I have to admit, I may owe Ashton Shepherd an apology – for not being familiar enough with her debut album to have formed an opinion based on its two single releases. It’s not that I didn’t like her. I did. I do. But I didn’t own her debut album, Sounds So Good, and didn’t get a chance to know her well enough through radio.
Ashton Shepherd emerged to radio in 2008 with Takin’ Off This Pain, the first single from Sounds So Good. I completely loved Takin’ Off This Pain – a strong woman with a hard hand but a tender heart – and that’s how I heard Ashton Shepherd in that track. But the second single and title track, Sounds So Good, didn’t hit me as hard and then it seems Ashton wasn’t around much on the radio to be heard.
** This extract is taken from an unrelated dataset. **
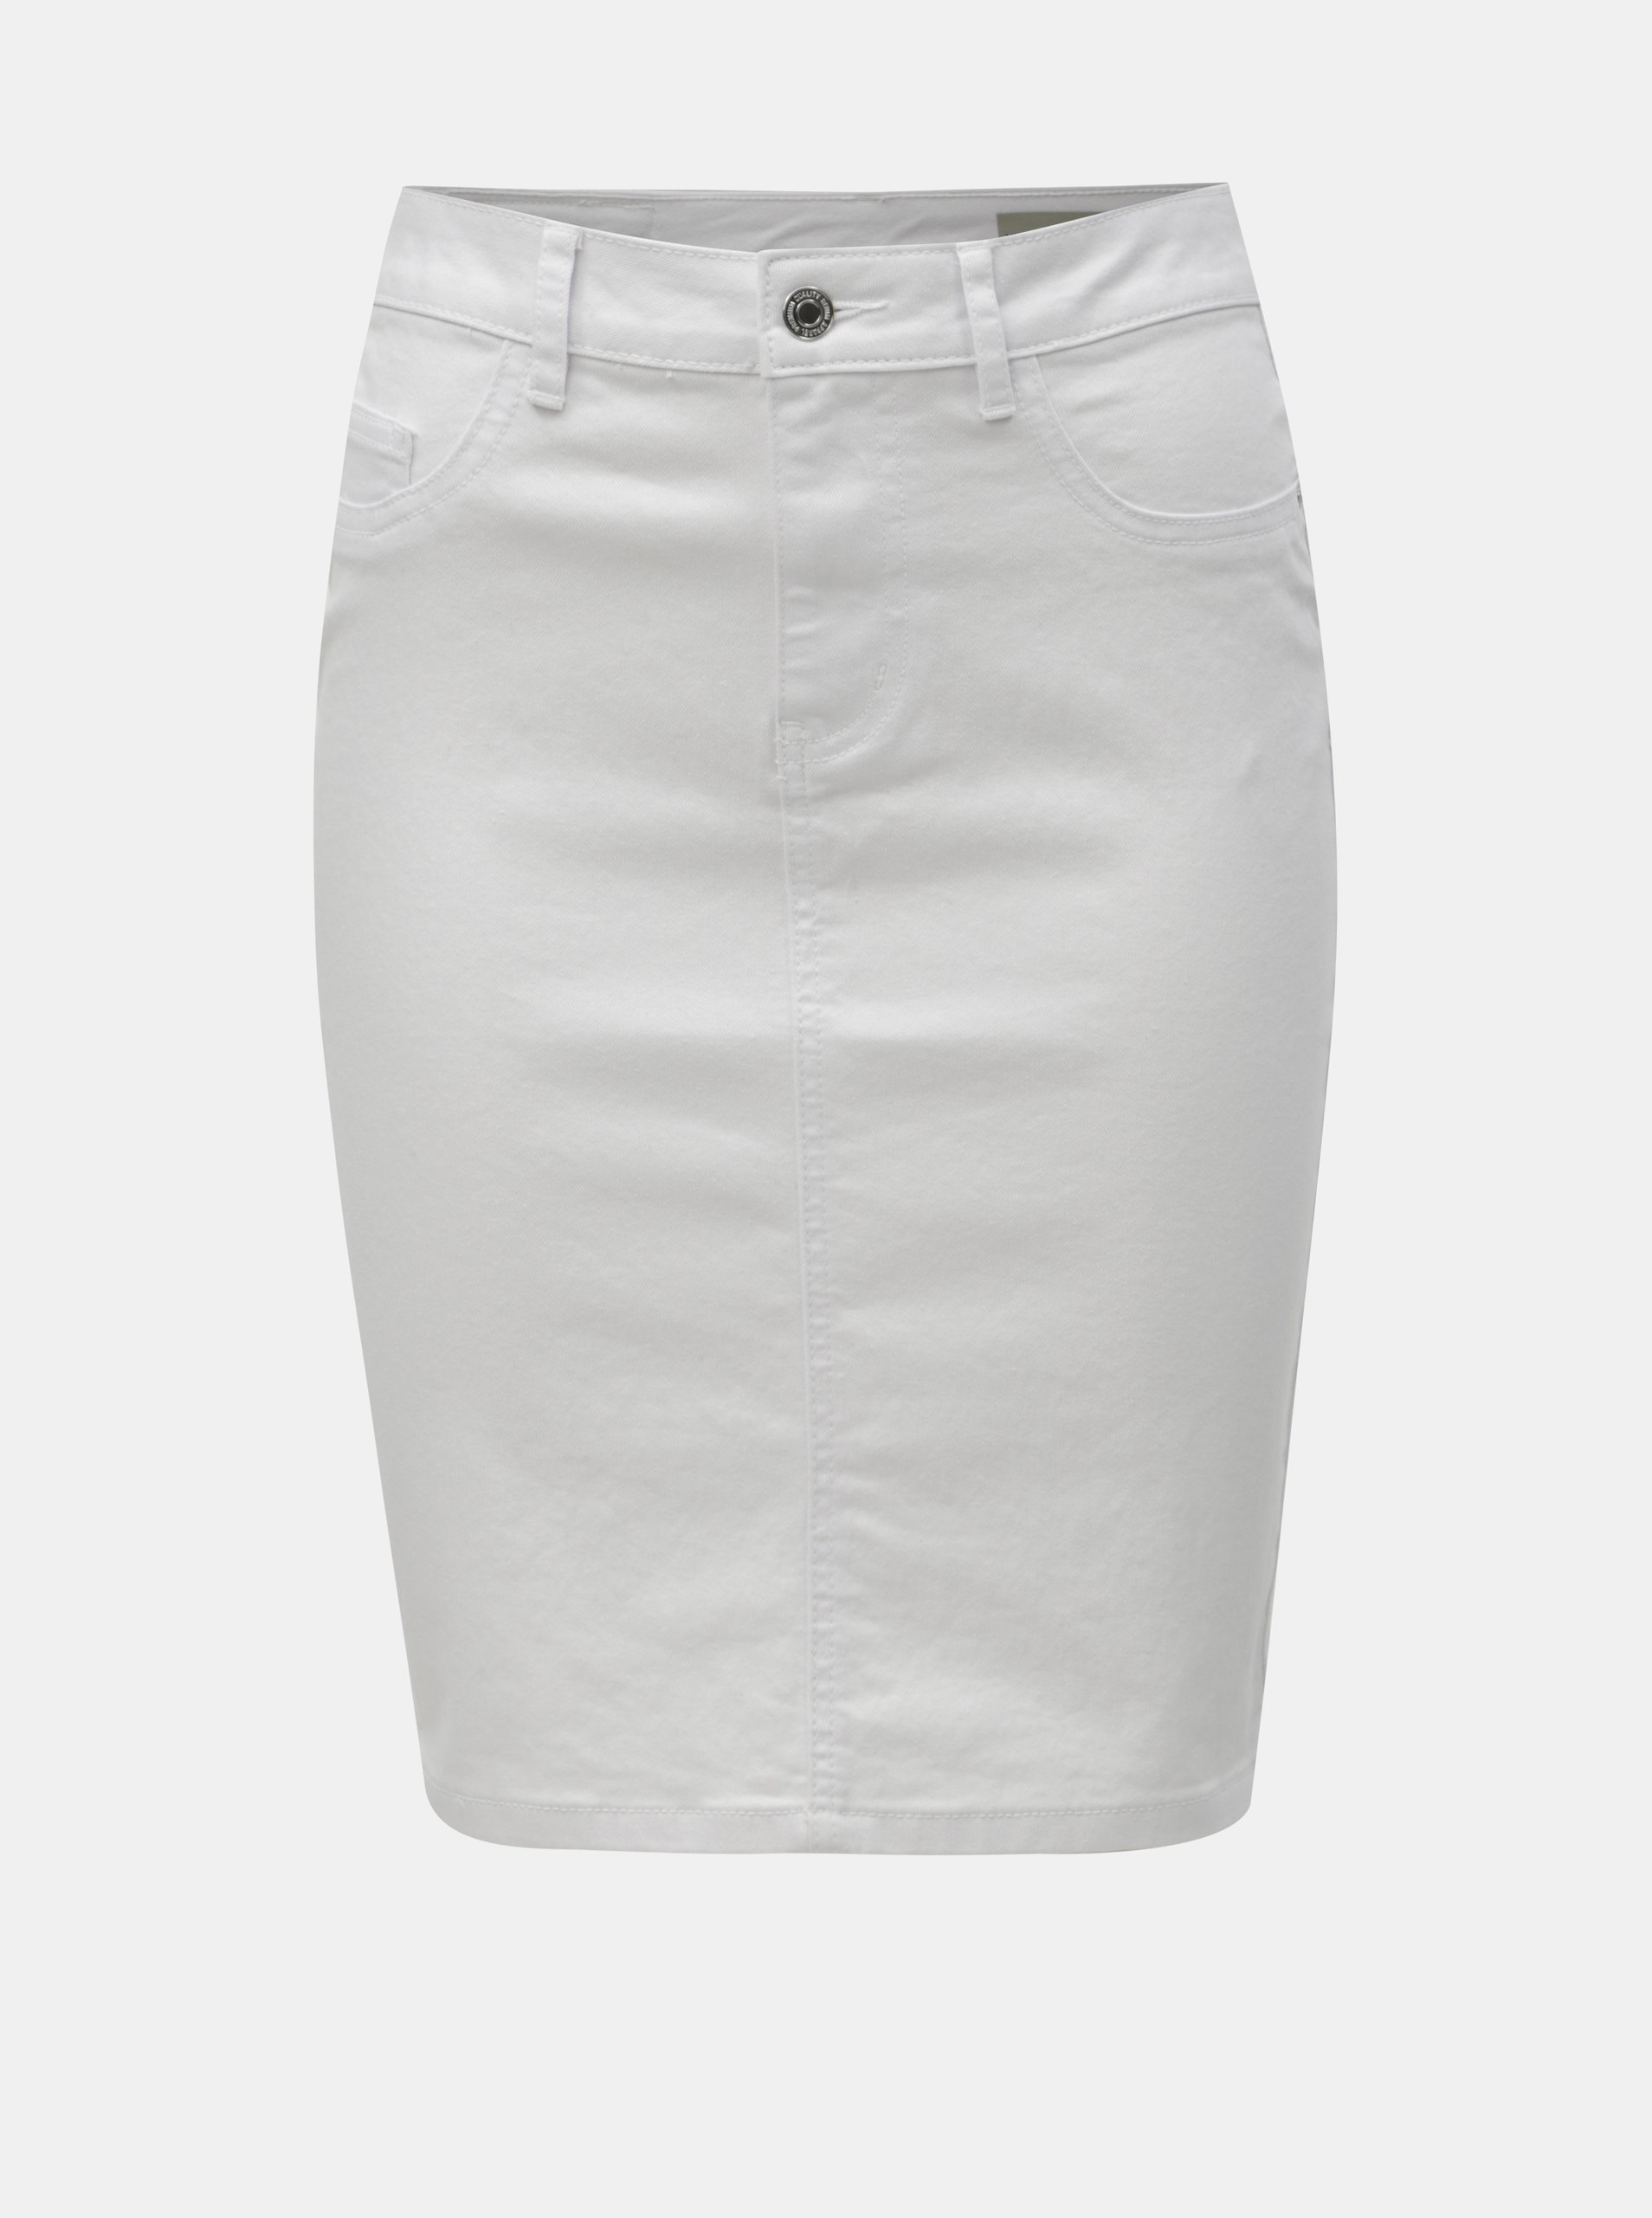 Bílá džínová pouzdrová sukně VERO MODA Hot Nine

Well, like a storm up from the south, Ashton Shepherd sneaks up with a powerful sophomore album, Where Country Grows, that has no fillers, no sophomore jinx and no reason not to love it !
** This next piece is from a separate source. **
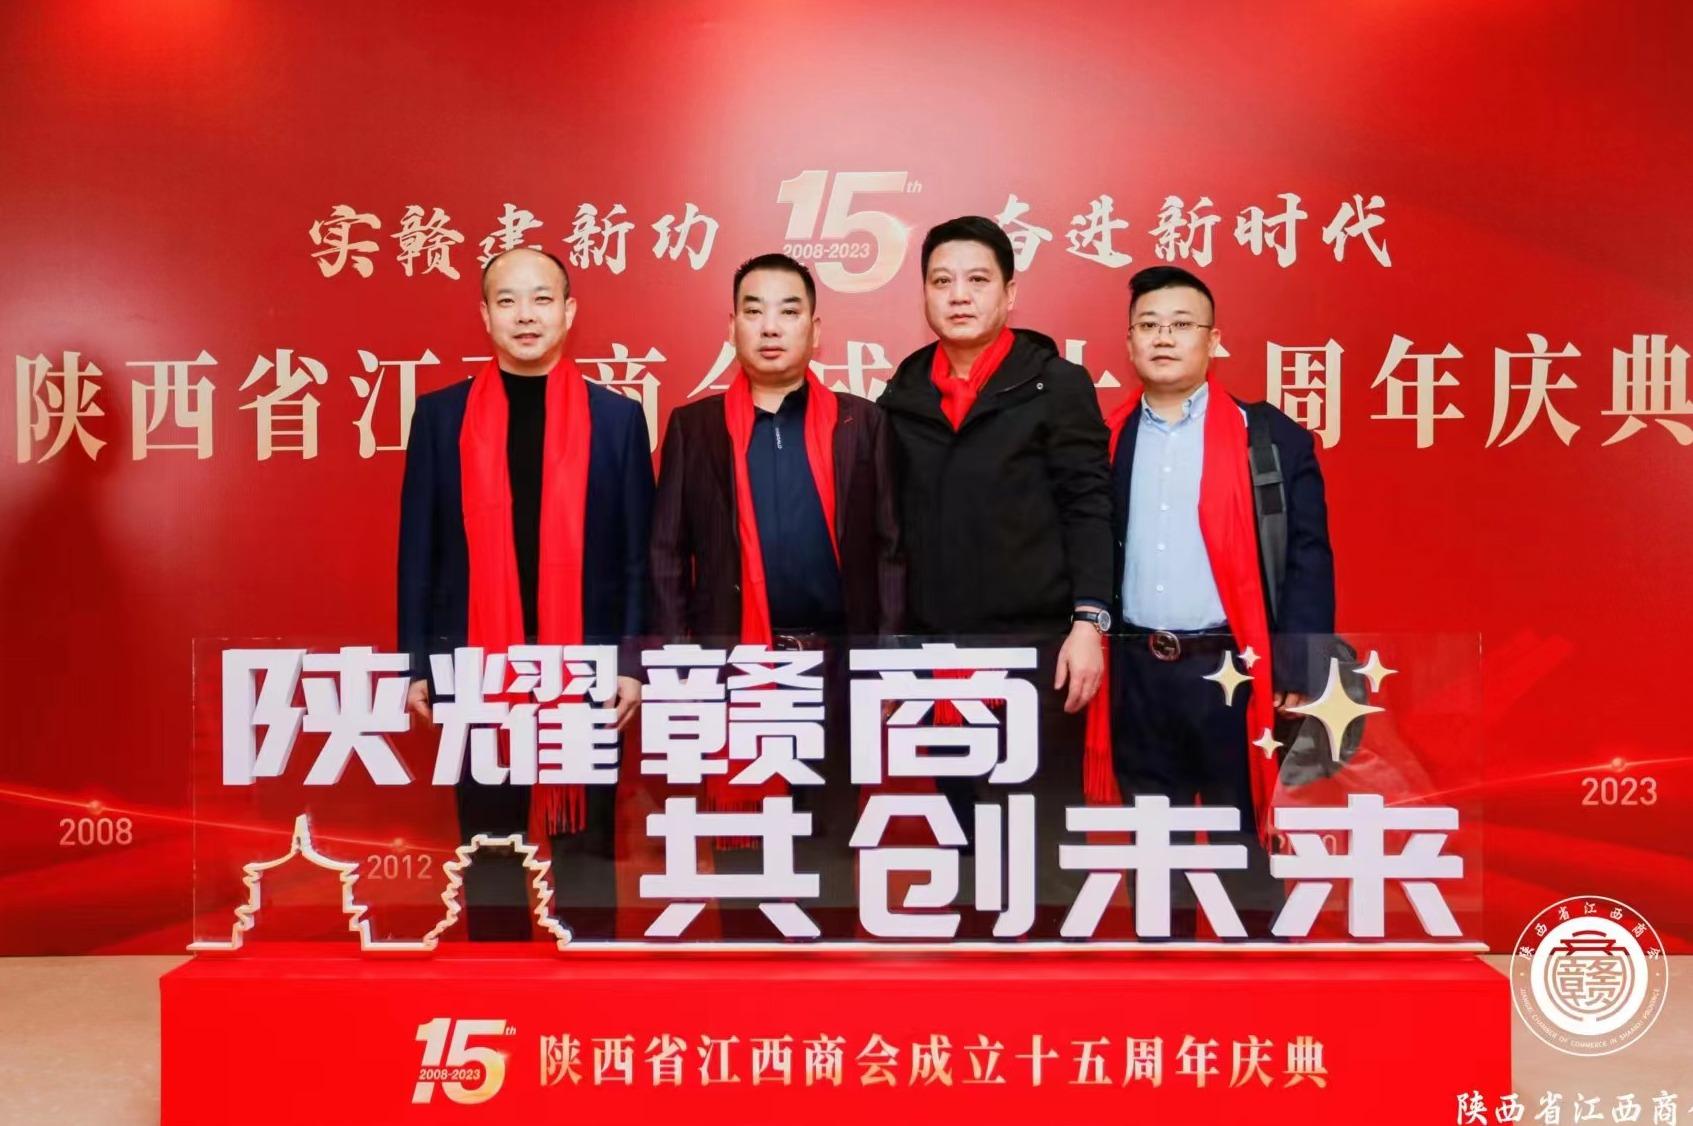 安徽省江西商会应邀出席陕西省江西商会成立15周年庆典

In Look It Up, the album’s first single, Ashton re-emerges with the sass she introduced fans to in the personality of her previous album. Conceived in The Pickin’ Shed, Shepherd wrote or co-wrote 8 of the 10 tracks on Where Country Grows.
And no, “The Pickin’ Shed” is not Nashville’s newest recording studio. It’s Ashton’s creative cabin in the backyard of her Leroy farm where Shepherd raises a family, crops, her voice and sells the labor of all that love !
Ashton Shepherd has a very unique sound and an unusually strong and diverse vocal range. Blending a mixture of Ashton Shepherd, Tammy Wynette and Loretta Lynn, Shepherd doesn’t waste one minute or one track entertaining you with her vocal and songwriting diversity.
Where Country Grows may have been conceived in The Pickin’ Shed. But Where Country Grows is in the heart and soul of Ashton Shepherd, “in the hearts of those that know what life’s all about” and in stores July 12, 2011. Be sure to pick up or download a copy to your playlist because Ashton Shepherd knows how to plant, pick and harvest a crop Where Country Grows and delivers both an original and Deluxe Edition … to more than your local grocer !
But prior to delivery it must have been difficult picking the first release from the crop of Where Country Grows because there are just so many songs that raise their voice to what I’m going to call Shepherd’s signature sound – vocal and personal strength and sass – and could have had top billing.
The album is a pretty uptempo compilation of family, fun, life, love and introspection – you know, everything country – with a subtle mix of tender ballads that allow you to stop and catch your breath. But the stories are delivered flawlessly through a set of pipes that must echo through the star-filled skies of Leroy, Alabama where there’s “no noise, no red lights and no buildings messin’ up my moonlight” Ashton cheers in More Cows Than People – a strong contender in my opinion for a first release.
As is the title cut, Where Country Grows, a song so visually rich in detail you’ll not only smell the honeysuckle and feel the breeze, but by the time Shepherd finishes winding you down those country roads you’re definitely going to feel you’re missing out on life and you’ll wish you lived there.
It’s hard to pick a favorite off this album. Beer on a Boat is a hell-raising Saturday night anthem while Tryin’ to go to Church is a Sunday morning confession of why “I keep saying Lord I’m gonna get to ya”. The tender ballad While It Ain’t Raining reminds us that “life’s like the weather, always changing, better make the most of it all … while it ain’t raining.” And in I’m Just a Woman, Ashton tenderly delivers a Tammy Wynette sounding tribute to women and relationships while in one of Ashton’s favorites, Rory’s Radio, she steps it up to a toe-tapping tribute to a time, a place and a brother (Shepherd’s) killed in a car accident. But don’t worry about whether Ashton’s heartbroken. By the time I’m Good is over there’ll be no doubt in your mind that Ashton survived that breakup. And That All Leads to One Thing . . .
If you’re familiar with Ashton then you’ve probably been waiting for this sophomore follow-up album. If you’re not familiar with Ashton Shepherd then Look It Up because Ashton Shepherd is a refreshing reminder of Where Country Grows.